Table Column(s) Type Purpose
compounds canonical_smiles UNIQUE Exact SMILES lookup, deduplication
compounds inchi_key UNIQUE Cross-database matching
compounds mw BTREE Range queries (MW filter)
compounds logp BTREE Range queries (LogP filter)
fragments smiles INDEX Fragment lookup
fragments source_compound_id INDEX Find fragments from a compound
assembled_molecules canonical_smiles UNIQUE Deduplication
assembled_molecules inchi_key UNIQUE Cross-database matching
conformers parent_type, parent_id INDEX Find conformers for a molecule
conformers is_lowest_energy INDEX Quick access to best conformer
assembly_steps assembled_molecule_id INDEX Rebuild assembly history

Migration Strategy (Alembic)

Setup

alembic init alembic

Configuration (alembic/env.py)

  • Import Base.metadata from chemlib.models.base
  • Configure target_metadata = Base.metadata
  • Support both sync (SQLite) and async (PostgreSQL) engines
  • Use render_as_batch=True for SQLite ALTER TABLE support

Initial Migration

alembic revision --autogenerate -m "initial schema"
alembic upgrade head

Rules

  1. Every schema change requires a migration — no manual DDL
  2. Migration messages should be descriptive: "add_sa_score_to_compounds"
  3. Always review autogenerated migrations before applying
  4. Downgrade functions must be implemented for reversibility
  5. Test migrations against both SQLite and PostgreSQL

DB Service Layer

The DB service layer (chemlib/db/service.py) provides all CRUD operations. No other layer should construct SQLAlchemy queries.

Generic CRUD Base

class CRUDBase(Generic[ModelType]):
    def __init__(self, model: type[ModelType]):
        self.model = model

    async def get(self, db: AsyncSession, id: int) -> ModelType | None
    async def get_multi(self, db: AsyncSession, skip: int = 0, limit: int = 100) -> list[ModelType]
    async def create(self, db: AsyncSession, obj_in: dict) -> ModelType
    async def update(self, db: AsyncSession, db_obj: ModelType, obj_in: dict) -> ModelType
    async def delete(self, db: AsyncSession, id: int) -> ModelType | None

Specialized Services

class CompoundDBService(CRUDBase[Compound]):
    async def get_by_smiles(self, db, smiles: str) -> Compound | None
    async def get_by_inchi_key(self, db, inchi_key: str) -> Compound | None
    async def filter_by_properties(self, db, mw_range, logp_range, ...) -> list[Compound]
    async def search_similar(self, db, fp: bytes, threshold: float) -> list[Compound]

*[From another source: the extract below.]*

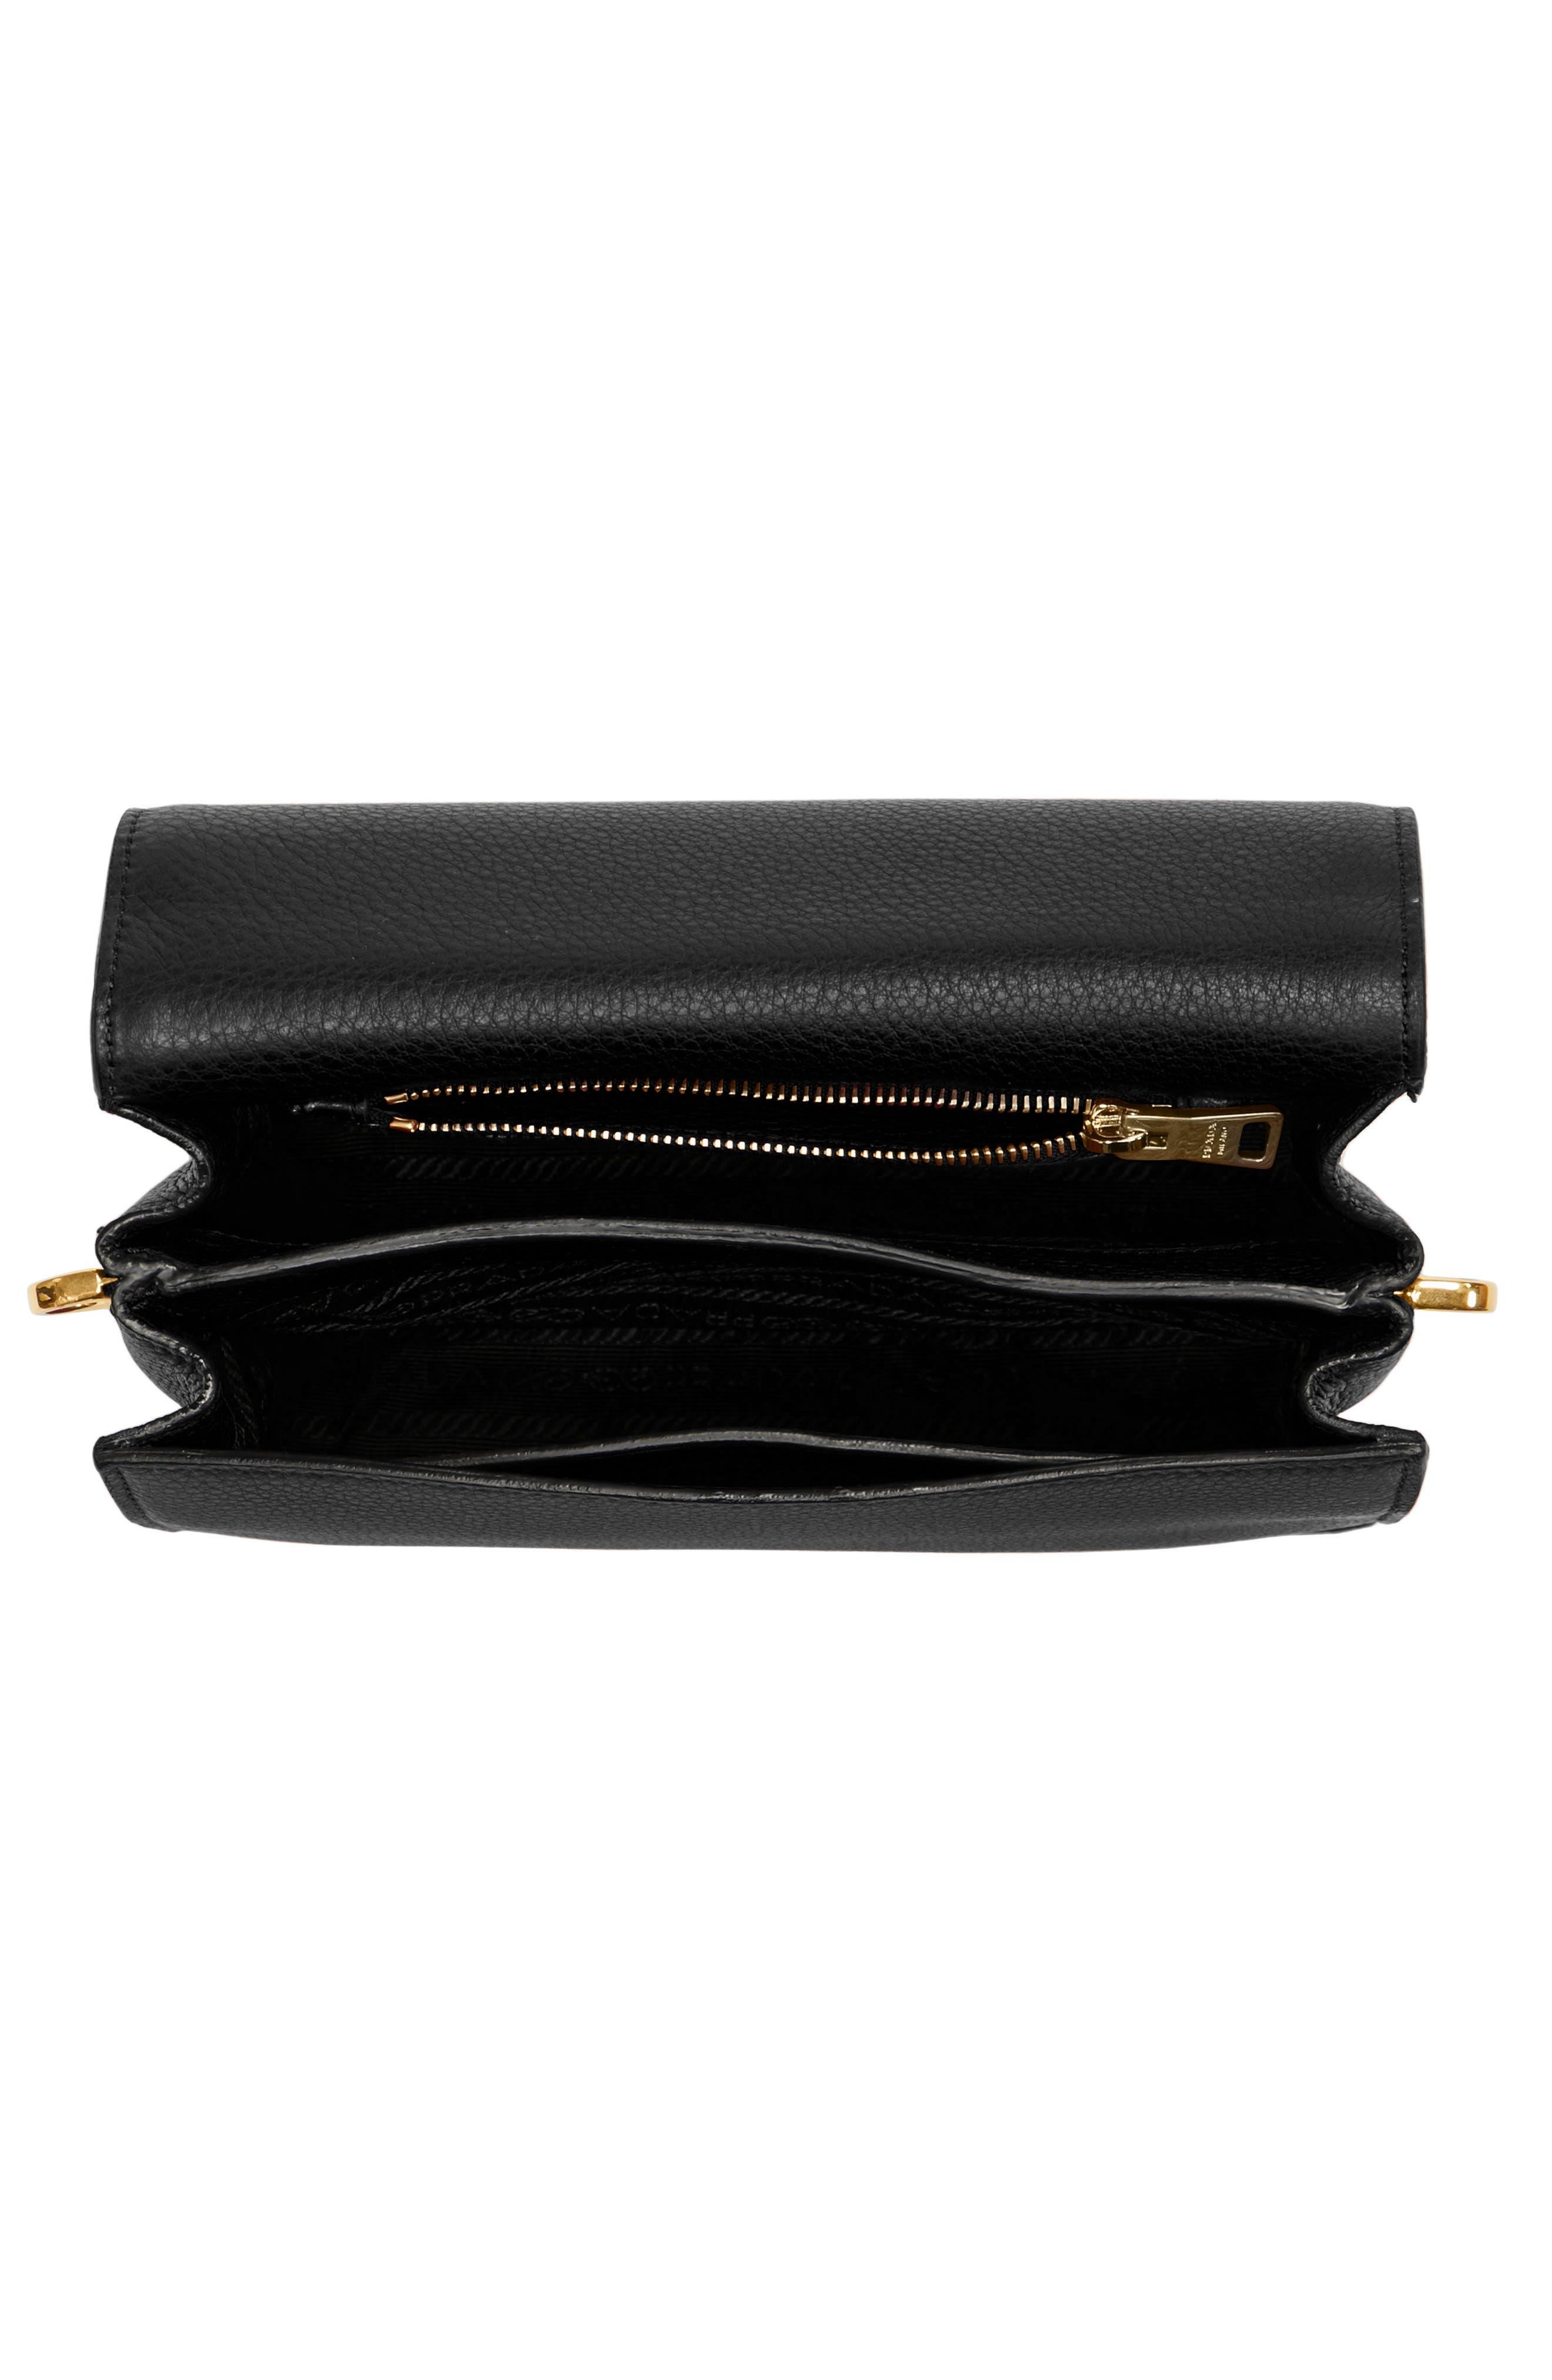 Vitello Daino Double Compartment Leather Shoulder Bag,                             Alternate thumbnail 4, color,                             001

class FragmentDBService(CRUDBase[Fragment]):
    async def get_by_attachment_points(self, db, labels: list[int]) -> list[Fragment]
    async def get_compatible_fragments(self, db, brics_label: int) -> list[Fragment]

class AssemblyDBService(CRUDBase[AssembledMolecule]):
    async def get_with_steps(self, db, id: int) -> AssembledMolecule
    async def get_with_conformers(self, db, id: int) -> AssembledMolecule

class ConformerDBService(CRUDBase[Conformer]):
    async def get_lowest_energy(self, db, parent_type, parent_id) -> Conformer | None
    async def get_all_for_molecule(self, db, parent_type, parent_id) -> list[Conformer]